Using specially designed insoles to deliver stochastic resonance to the plantar surface of the feet has the potential to significantly improve static balance, dynamic balance, and gait mechanics in healthy, young individuals as well as elderly people and others with somatosensory deficits.
By Daniel Miranda, PhD; Wen-Hao Hsu, ScD; and James Niemi, MS
The existence of noise (in this context, a random, unwanted signal) in most systems or environments is typically considered a problem. In fact, engineers and scientists have spent decades pursuing ways to reduce or eliminate noise in a range of applications. Noise-cancelling headphones and photo-processing software are two examples of applications in which reducing noise is critical to obtaining crisp sounds and sharp images, respectively.
However, physicists and scientists from the 1980s to the mid-1990s reported applications for which the introduction of nonlinear noise to certain systems or environments enhanced the detection and transmission of weak signals.1 This phenomenon, coined stochastic resonance (SR), indicates that the flow of information through certain systems is improved by the inclusion of a specific level of noise.

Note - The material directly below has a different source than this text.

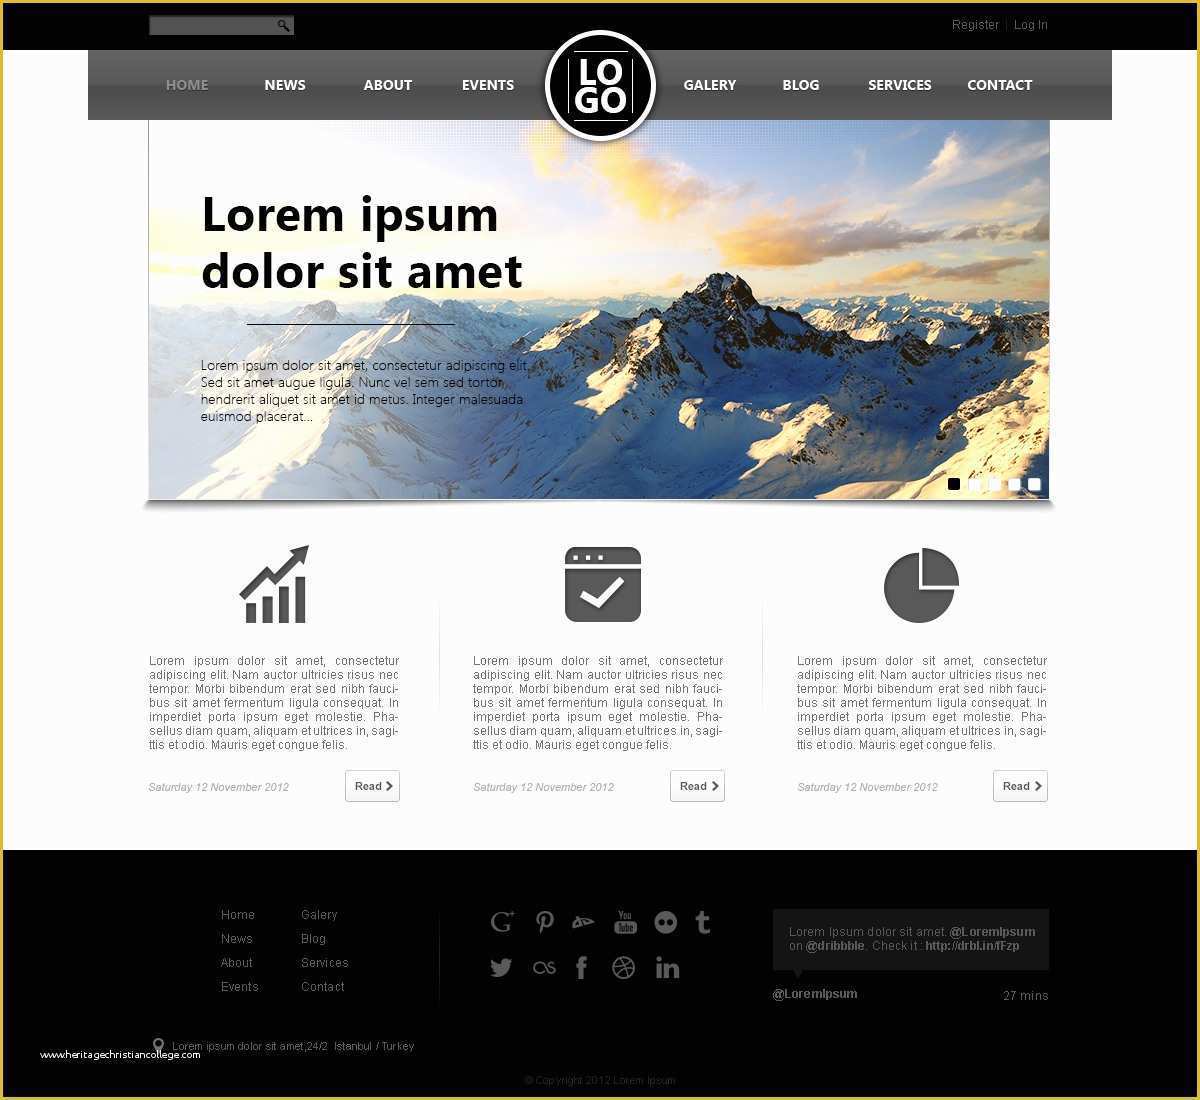 Web Design Templates Psd Free Download Of Well Designed Psd Website Templates for Free Download

At the time, it was hypothesized that the sensory systems and perceptual processes may be able to take advantage of this phenomenon to improve the detection of weak stimuli.2
Collins and colleagues confirmed this hypothesis in a series of experiments involving human participants, in which subsensory SR noise improved tactile sensation by acting as a suitable pedestal for enhancing the detection of weak, normally undetectable, stimulations (Figure 1).3
Early insoles and standing balance
This was an exciting finding because it suggested the introduction of SR to the human sensory system might enhance the detection of weak stimuli in persons with sensory deficits caused by normal aging, stroke, diabetes, or other neurological disorders in addition to individuals with intact, normally functioning systems.4 From a clinical perspective, in the lower extremities, this sensory feedback provides important information to the human balance-control system that, when diminished, is associated with an increased risk of falling.
Collins hypothesized that the application of SR to the soles of the feet might improve standing balance, with eventual applications in walking and fall prevention.5 To test this hypothesis, Priplata and colleagues designed a series of experiments using a pair of large stationary devices modeled after insoles (Figure 2A).6-8
Their experiments measured sway parameters during quiet standing in young participants, elderly participants, patients with diabetes, and patients with stroke. Their findings indicated that application of SR to the plantar surface of the feet was associated with reduced postural sway parameters in each of the tested populations. Interestingly, differential effects of SR were observed between young people and those with sensory deficits (eg, elderly people, patients with diabetes, patients with stroke).
The authors suggested the young, healthy participants were already operating at a near optimum level of sensory function. Therefore, the capacity for improvement in standing balance with SR appears to depend on the baseline level of sensory impairment. The observed balance improvements lead to the question of whether the SR phenomenon would be effective in enhancing performance of activities involving dynamic balance, such as walking.
The vast majority of falls and fall-related injuries in persons with sensory deficits occur while walking or doing walking-related activities.9,10 Therefore, the early stationary SR devices needed to be redesigned for in-shoe use in order to perform studies investigating dynamic balance activities. Actuators were first placed in sandals to permit walking and then tethered with cables to the signal electronics and batteries (Figure 2B). This new iteration provided a platform to investigate the effects of SR on gait in healthy and at-risk patient populations.
Spatiotemporal parameters of gait
Certain spatiotemporal gait characteristics, which are quantifiable measures of gait function, have been associated with fall risk in people with sensory deficits. These characteristics have been traditionally separated into two categories: those associated with the rhythmic stepping parameters of gait, such as stride length and stride time; and those associated with the balance-control parameters of gait, such as stride width and double-support time (the time both feet are in contact with the ground).11
High variability in the rhythmic stepping parameters of gait is generally associated with gait instability and fall risk, as is high variability in the sway parameters measured during standing balance.12,13 Interestingly, both high and low variability in the balance-control parameters of gait have been associated with gait instability, with the understanding that some moderate level of variability is required for stability.12,14,15 For example, some step-width variability is important biomechanically because it provides a certain level of adaptability to limb movements and allows an individual to adapt and maintain stability during walking.
With low step-width variability, there is no flexibility to respond to perturbations. On the other hand, high step-width variability is typically associated with crossing one foot in front of the other during walking, which can narrow and offset the base of support and is a clinical indicator of unsteady walking.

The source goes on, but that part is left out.